As part of the BMC series, a collection of open access, peer-reviewed and community focused journals covering all areas of science, editorial decisions will not be made on the basis of the interest of a study or its likely impact. Studies must be scientifically valid. For research articles this includes a scientifically sound research question, the use of suitable methods and analysis, and following community-agreed standards relevant to the research field.

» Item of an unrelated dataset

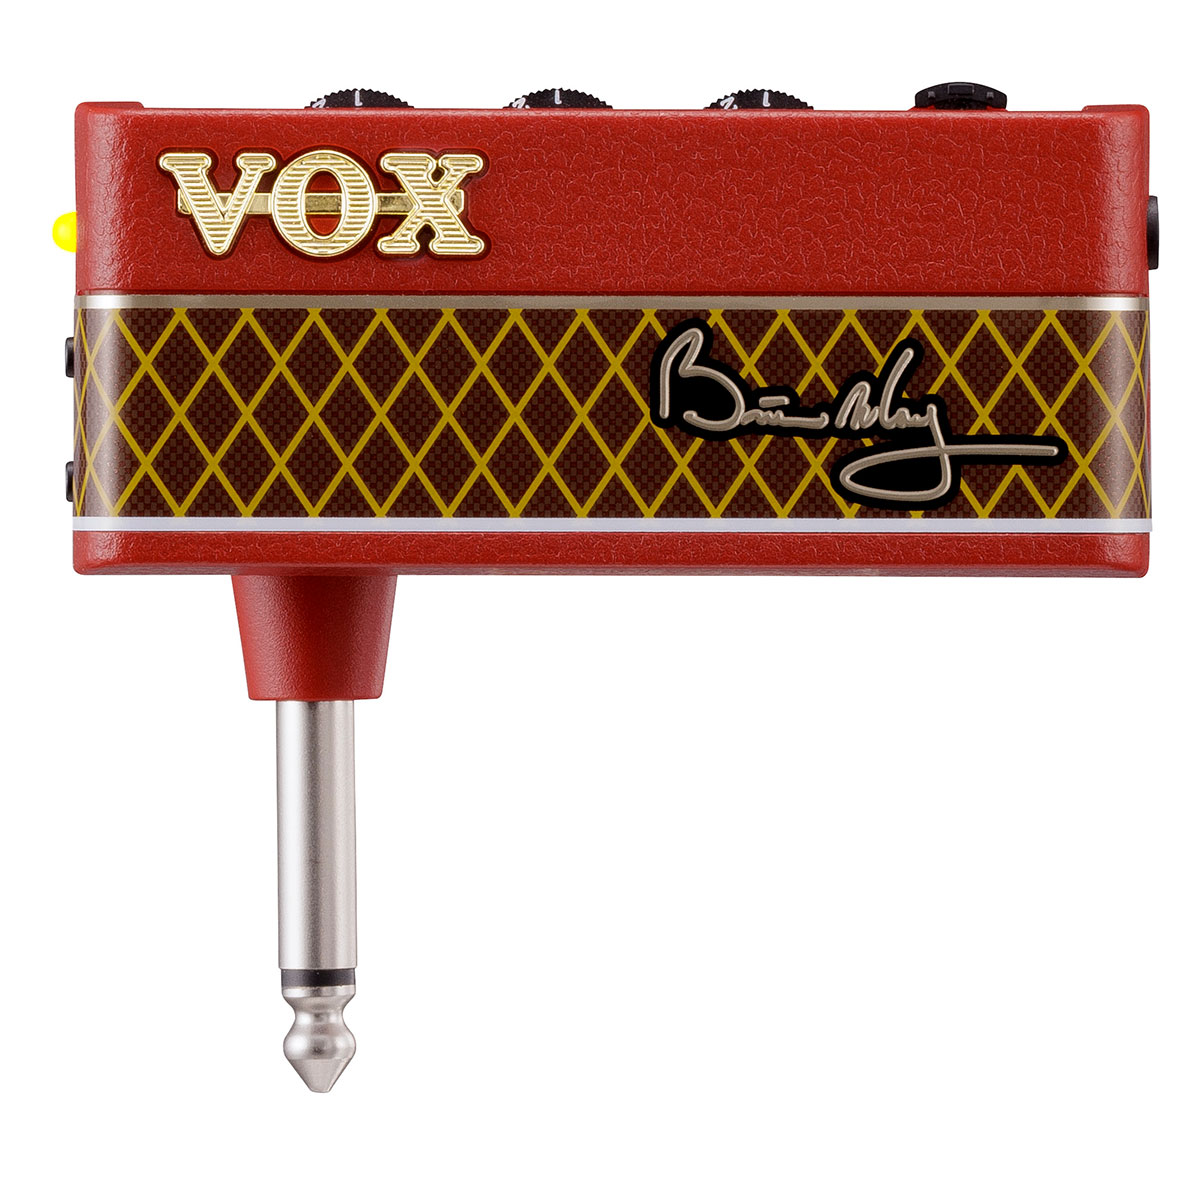 Vox amplug 2ギター/ベースヘッドフォンアンプ、すべての ...

BMC Biomedical Engineering aims to publish work that undergoes a thorough peer review process by appropriate peer-reviewers and is deemed to be a coherent and valid addition to the scientific knowledge. It aims to provide an open access venue which allows for immediate and effective dissemination of research and enables our readers to explore and understand the latest developments, trends and practices in biomedical engineering. We believe that open access and the Creative Commons Attribution License [ 4 ] are essential to this, allowing universal and free access to all articles published in the Journal and allowing them to be read and the data re-used without restrictions. BMC Biomedical Engineering will work closely with the rest of the journals in the BMC series portfolio [ 5 ] to help authors find the right home for their research. We will highlight selected journal content through various promotional channels to ensure the research reaches its target audience and receives the attention it deserves.

Editorial sections

Many new technologies that have revolutionised biomedical engineering require the coalition of previously independent communities. 3D bioprinting of tissues and organs brings together methods from cell biology, biomaterials, nanotechnology and engineering and is being used for the transplantation of tissues, including skin, bone, muscle, soft tissue, cartilage and others [ 6 , 7 ]. The concept of tissue and disease modelling is being driven towards drug discovery and toxicology studies, aiming to increase the yield of drug testing by tackling limitations of current cell and animal models [ 8 ].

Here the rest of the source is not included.